Look how smushed everyone looks in that panel at the bottom. That’s not a stylistic choice or anything, they just wouldn’t fit otherwise. That’s the only reason Shatterstar is on bended knee offering everyone a Jawa kebab.
2.
we are connected via satellite with an eyeless, 14-fingered disabled man who chose to wear a turtleneck and a trenchcoat with the collar popped to his report in the desert
tess, what have the iraqis been doing to your thumb, jesus christ
i'm sorry we can't hear you, try talking directly into your hot dog on a stick
1.
This is by no means the worst art that Rob Liefeld has ever subjected the world to, but it is the most blatant example of how little a fuck he gives about every aspect of his “craft”, the industry, and above all, the reader. We’ll ignore the elephantine Strong Sad leg that he’s given Franklin Richards in the first panel, and the billowy 90s wide-neck T and feathered ‘do, despite this comic actually having come out THIS YEAR. Look at Franklin’s hands in the first and second panels. I have made a lot of jokes about this sort of thing up to this point, but I think this is finally concrete evidence.

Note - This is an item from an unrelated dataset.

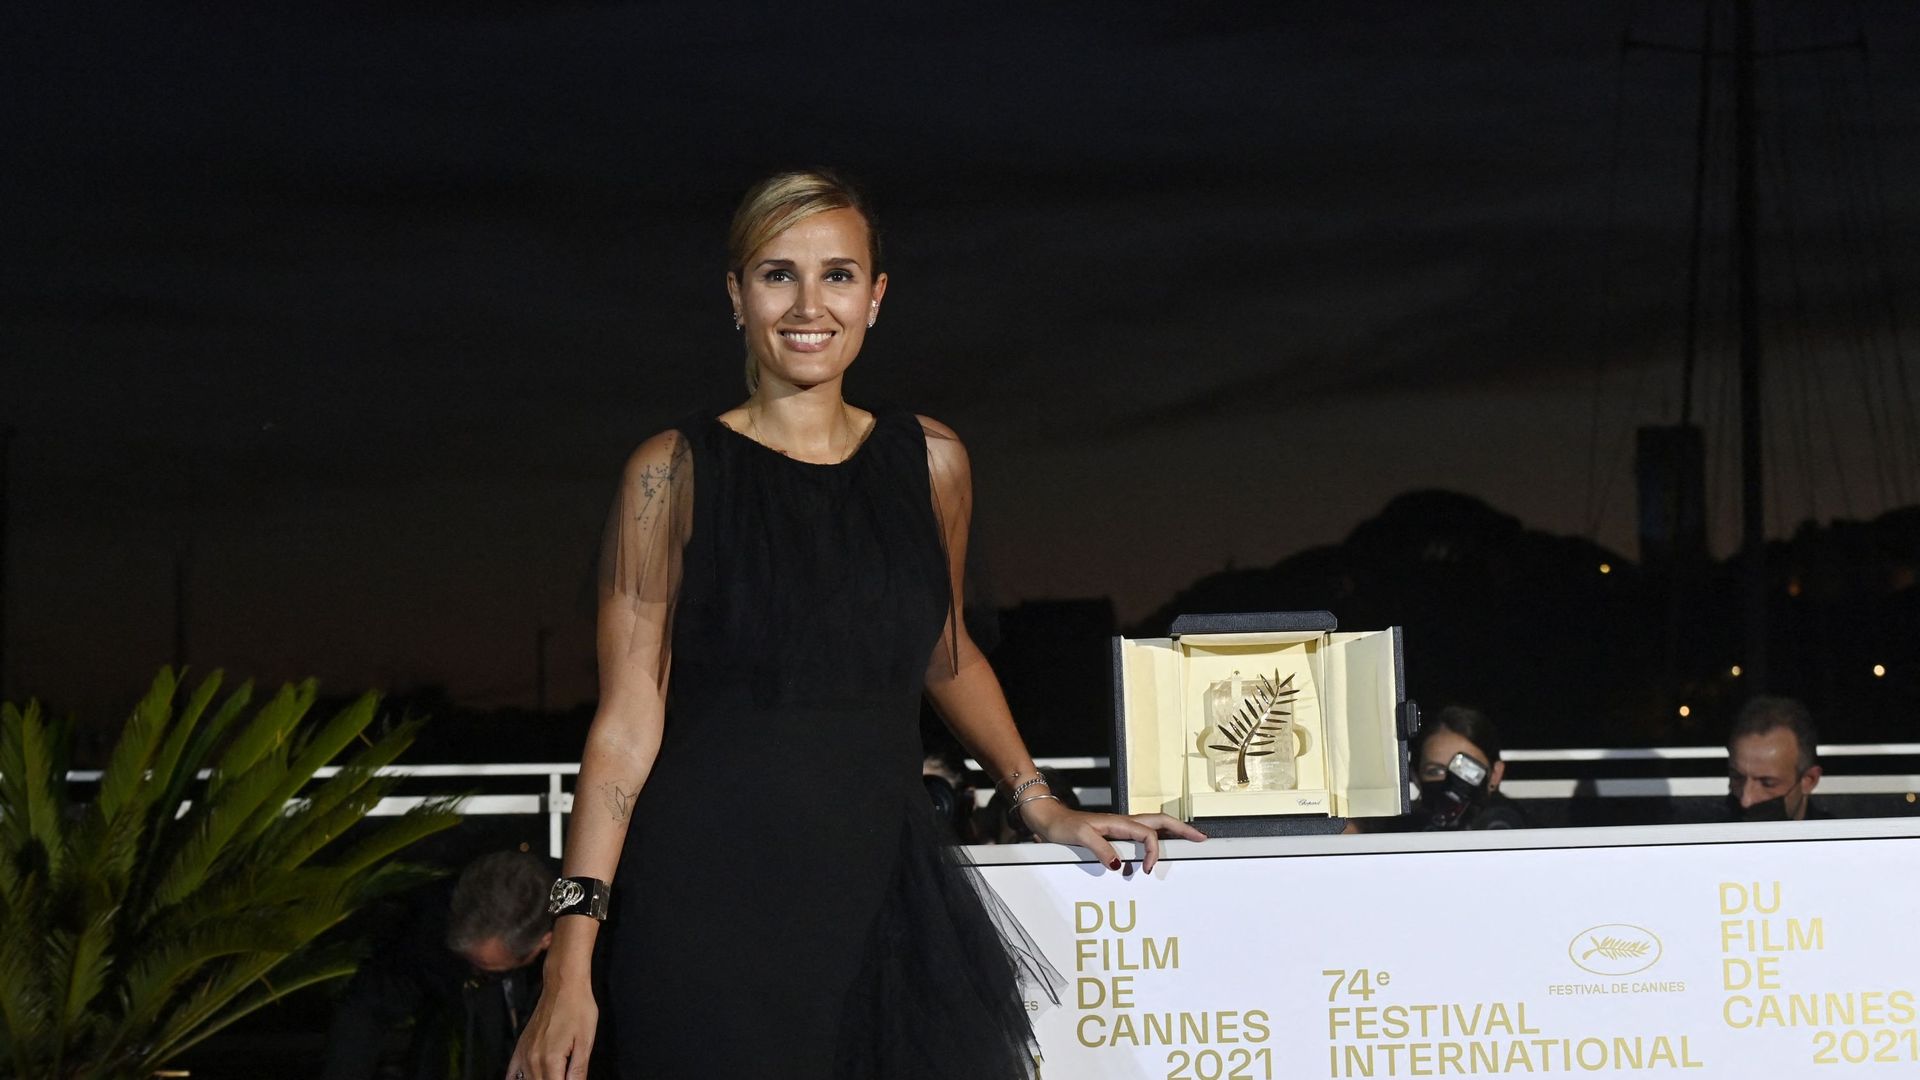 Photographie de la réalisatrice Julia Ducournau faisant partie du jury 2023 du festival de Cannes. Elle avait remporté la Palme d’or avec son film "Titane" en 2021.
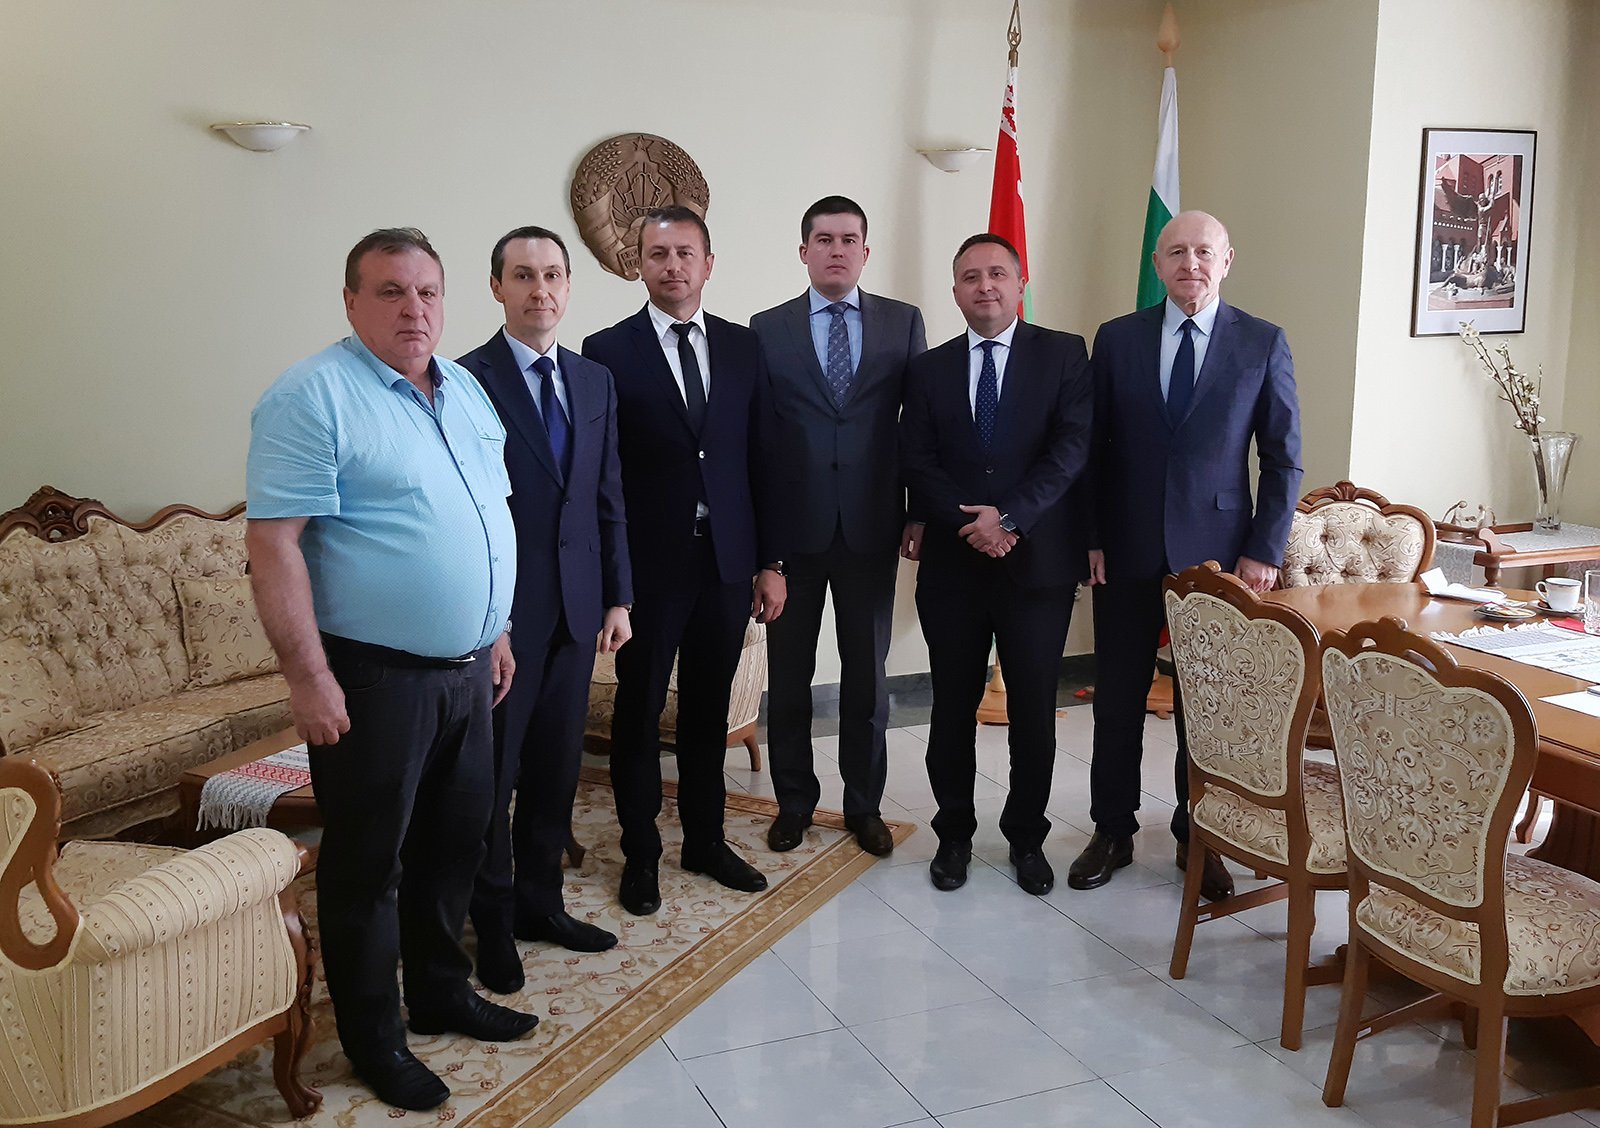 Народните представители от парламентарната група за приятелство България-Беларус“ Даниел Петров

Rob Liefeld drew this ENTIRE page of a comic book before realizing that Franklin was supposed to be holding a gun. Then, instead of using Photoshop or altering his existing art, he DREW IN a gun behind his hand on the first and second panels, then called it a day. LOOK AT THE HANDS. THERE IS NO WAY HE EVER INTENDED FRANKLIN RICHARDS TO HAVE A GUN.
Rob Liefeld is still getting commissioned to do work for both major comics publishers. He is one of the most successful, recognizable, well-known and popular comic book artists in history despite being difficult to work with, egotistical, contrary and missing deadlines on a consistent basis. He has made more money than most of us will ever see in our lifetimes. He still cannot draw a foot.